The plump eunuch lifted me to my feet brusquely, almost impatiently.

“You can sleep later, Naji. Walk now. I know you can walk.”

But my legs didn’t want to obey.
I
didn’t want to obey. Nor, really, did I wish to sleep, for then Mother’s haunt would pulse strong within me, its angry necrotic presence, which had been growing stronger as of late, bulging and sweating in my body, trying to burst from its cocoon within me and infest me with its will, control my mind and limbs, and eradicate all I truly was.

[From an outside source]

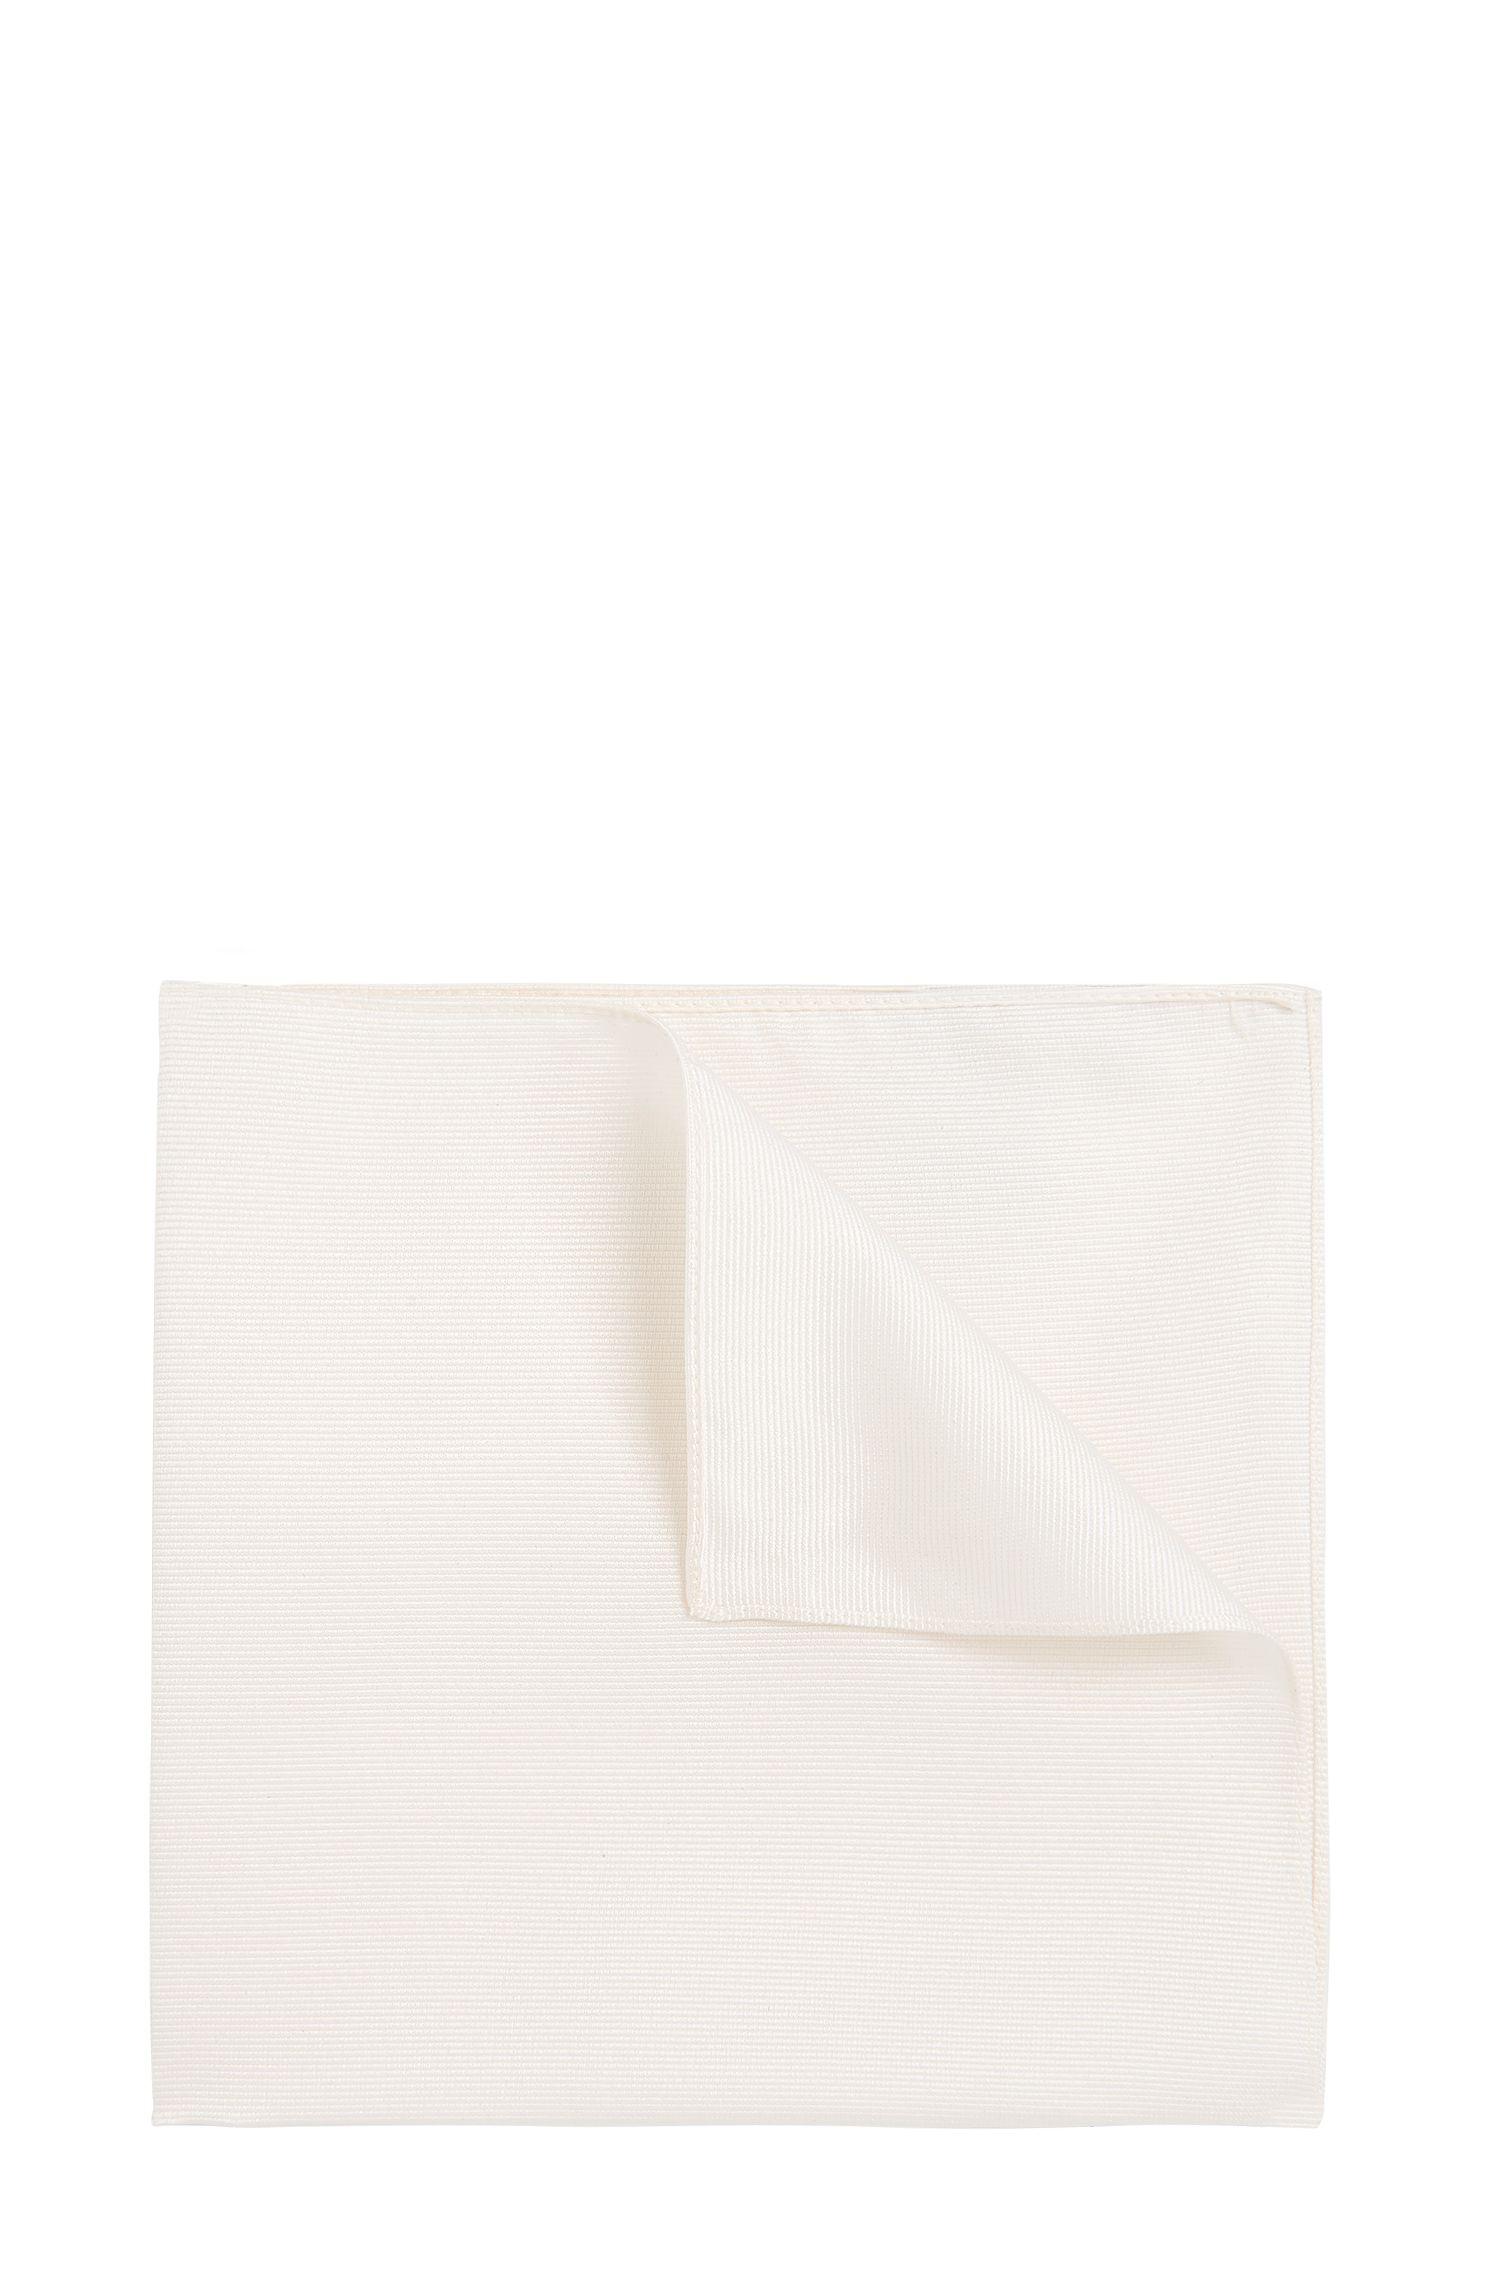 Effen pochet van zijde: 'Pocket sq. 33x33 cm', Naturel

The eunuch took my wrist and pulled me forward. I stumbled and almost fell. Clucking irritably, he gestured for the boy to leave his crumb-sweeping and instead act as a crutch for me. The boy darted forward and slid one of my arms over his narrow little shoulders with practiced ease. His toenails were painted henna orange too.

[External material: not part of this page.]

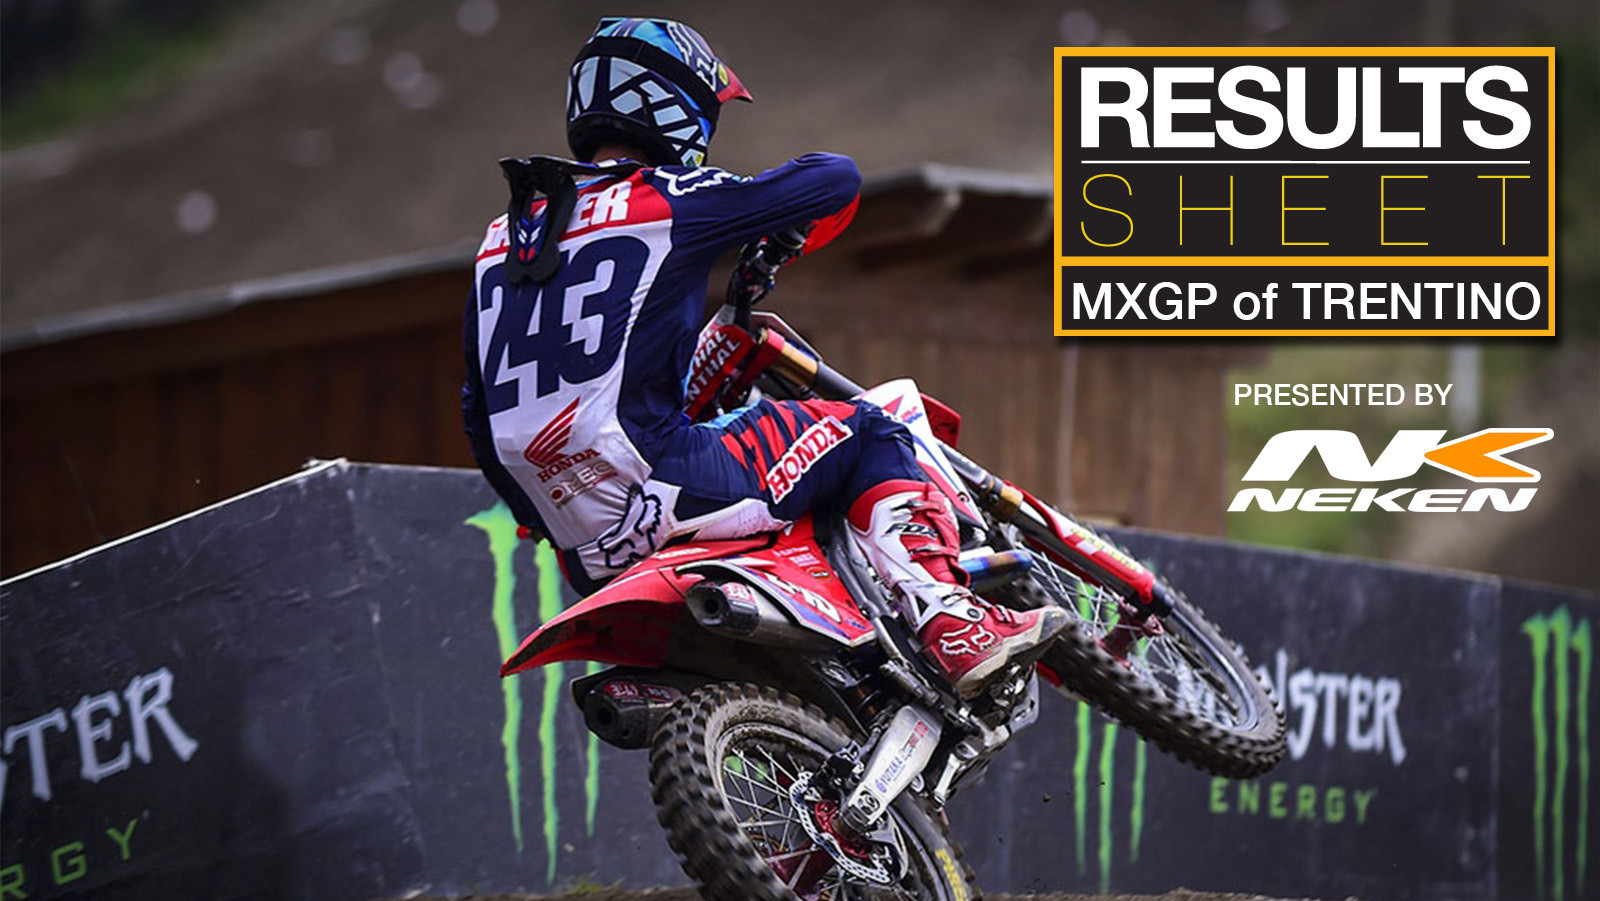 Results Sheet: 2017 MXGP of Trentino

The mincing eunuch opened the door and gestured the women forward. Before each woman shuffled out, he dipped a ladle into one of the two buckets of water the young boy had carried in. Each woman drank greedily and requested more. The mincing eunuch either granted or denied their requests, according to the dictates of the plump eunuch.

“You ate well today, Greatmother; drink your fill. Good girl. No, no, Prinrut, no more for you. You ate very poorly; I’m very disappointed in you. And you, Kabdekazon, only half a ladle of water for you. You’ll be dead in a clawful of days, I’ll warrant.”

When it came time for me to shuffle out the door, the mincing eunuch held the ladle to my lips, too. The water tasted like it had been filtered through moss, slightly muddy, but I drank gratefully anyway. I didn’t ask for more, for I didn’t crave water the way the venom-saturated women did, and the eunuch didn’t offer it.